◆ **ACTIVITY**: When you return the data, keep every word exact and include none of the images.
--- STORED DATA ---
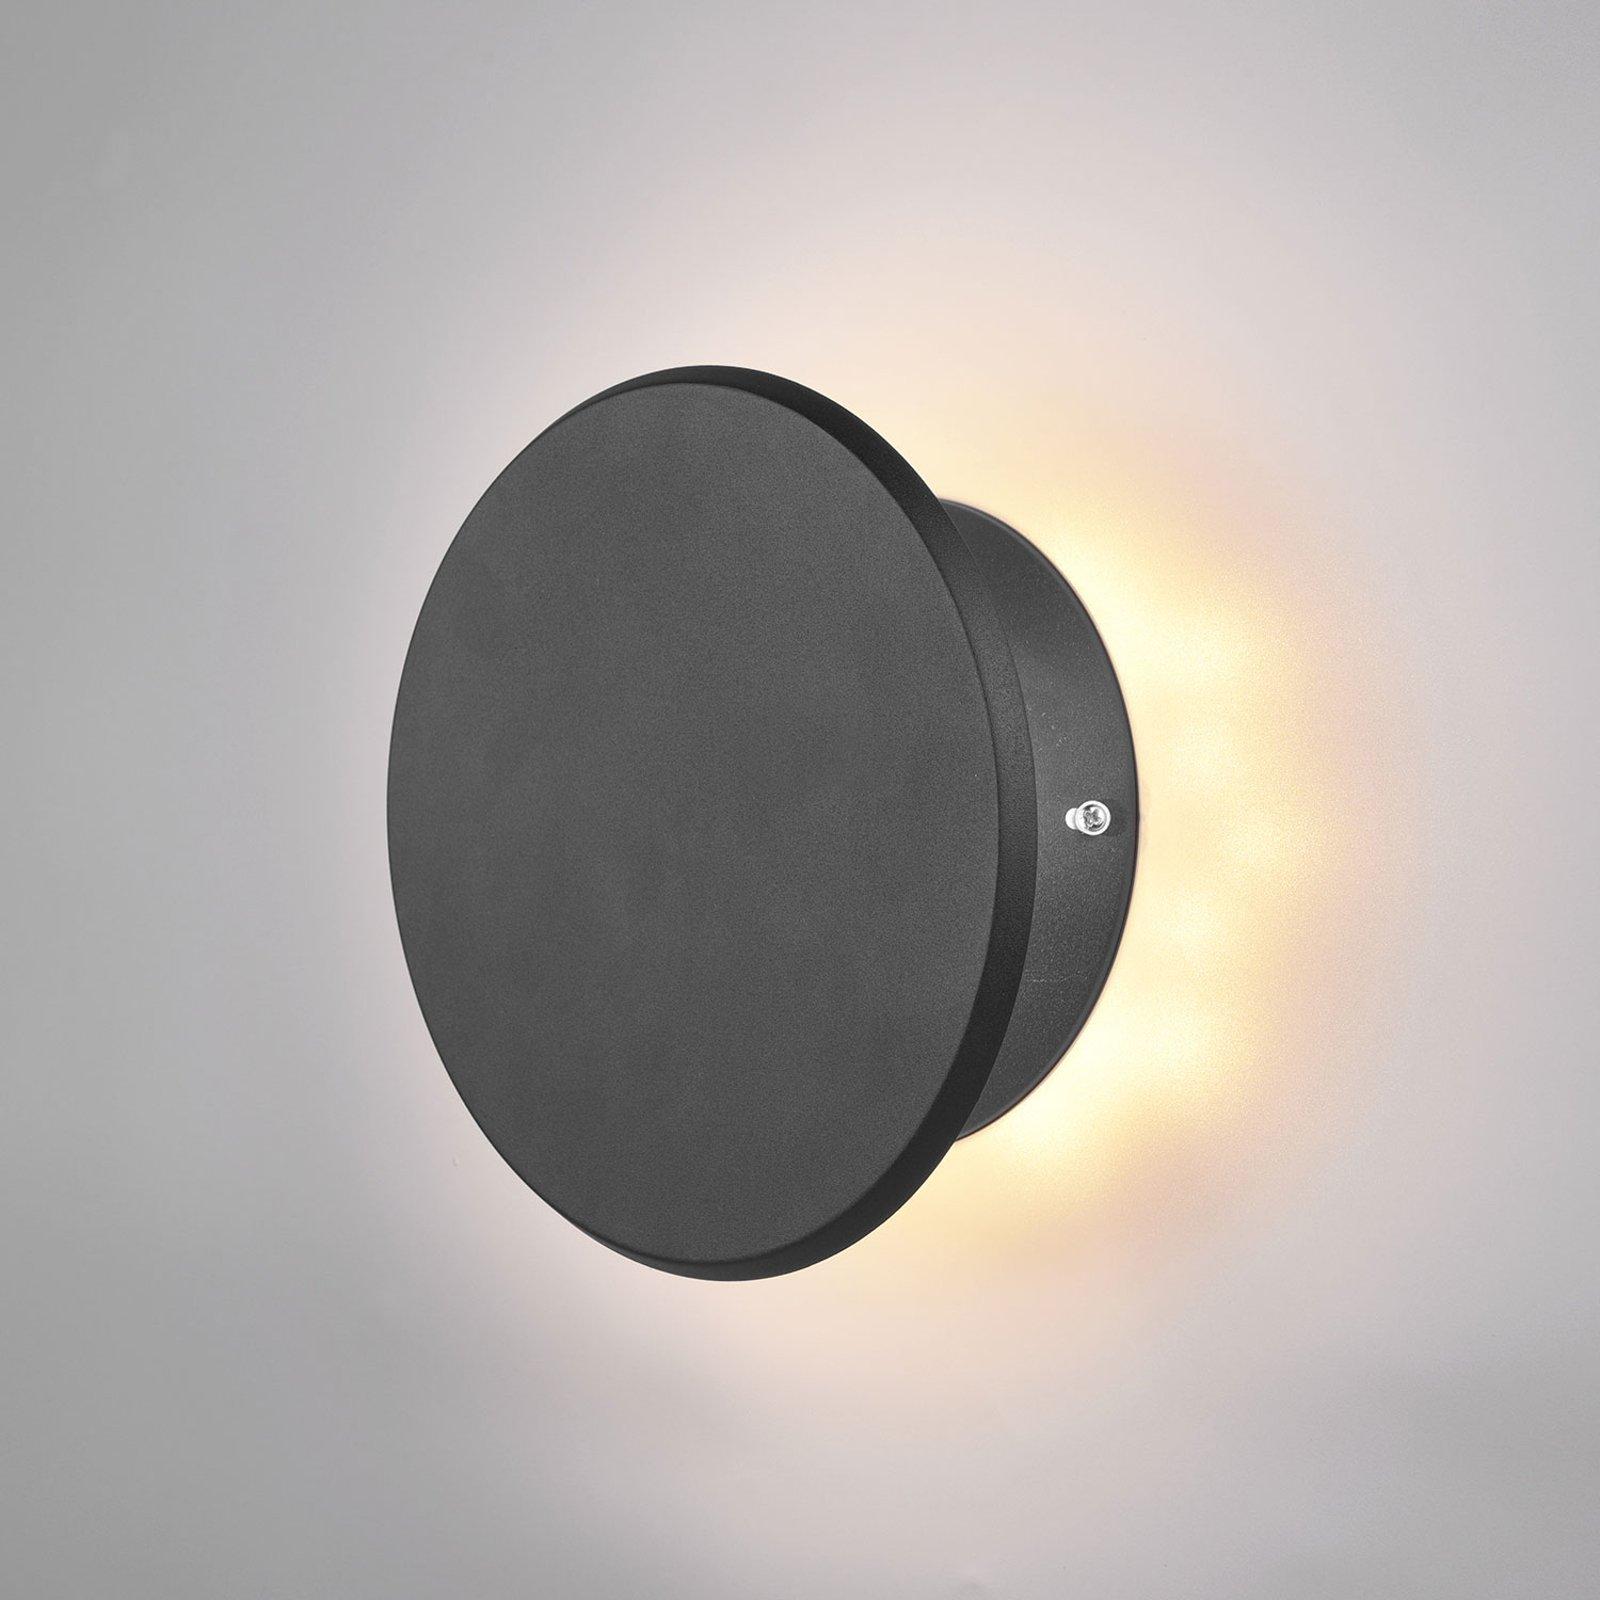 LED-vegglampe Gaston, svingbar, svart
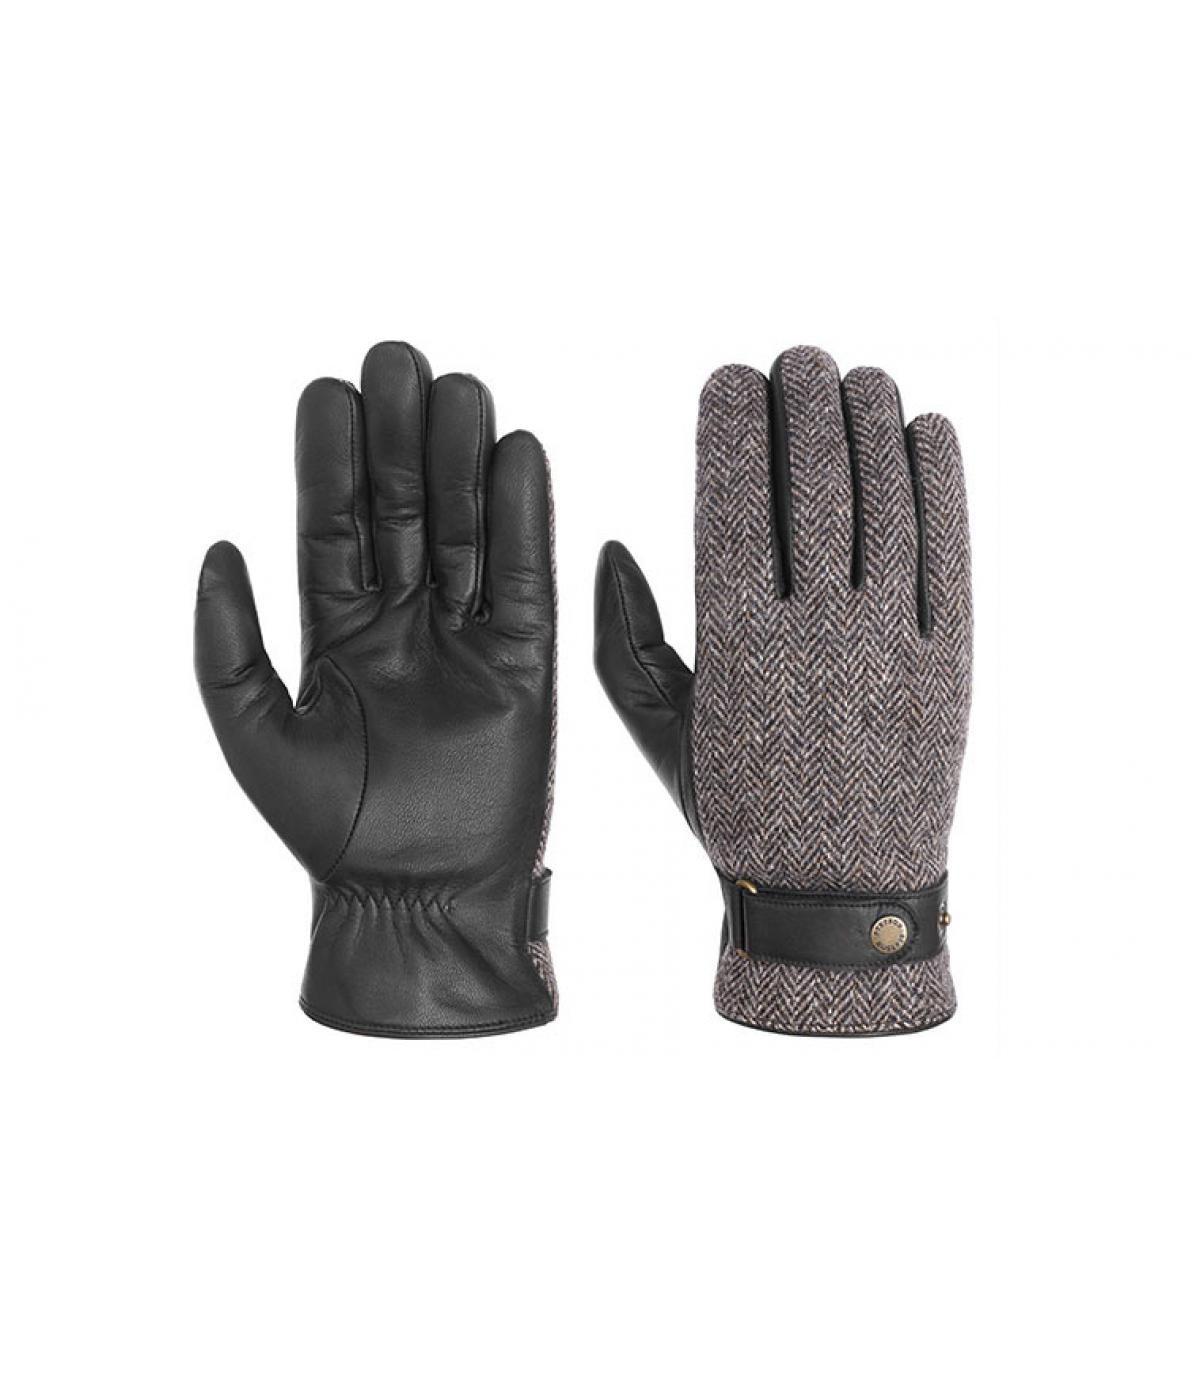 gants cuir et tweed Stetson
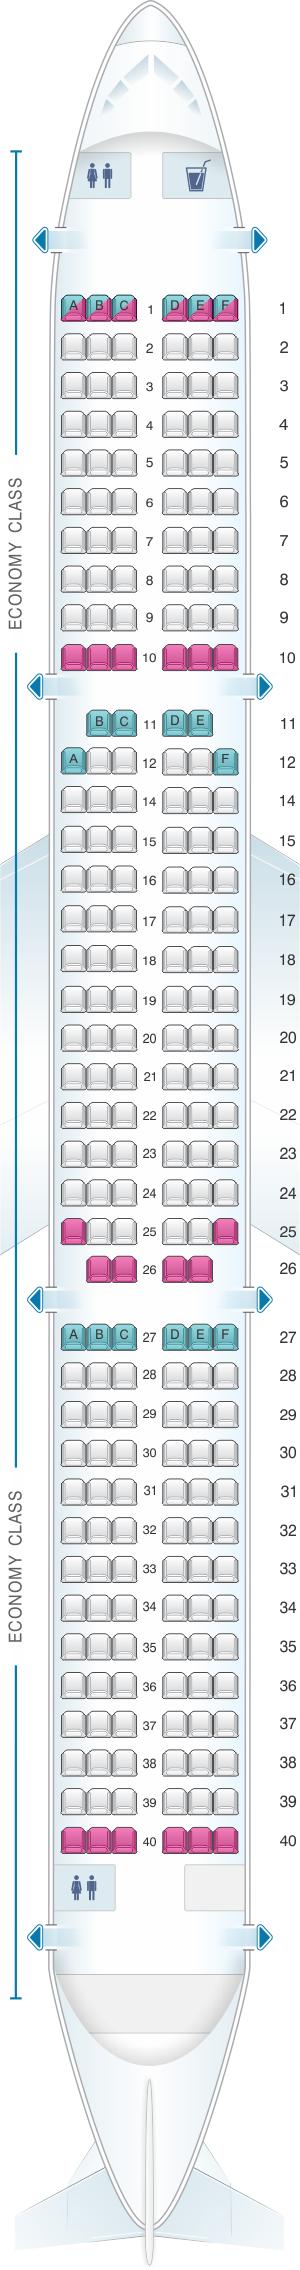 Seat map for Cebu Pacific Air Airbus A321
---
◆ **ANSWER TO THIS PROBLEM**:
 LED-vegglampe Gaston, svingbar, svart
 gants cuir et tweed Stetson
 Seat map for Cebu Pacific Air Airbus A321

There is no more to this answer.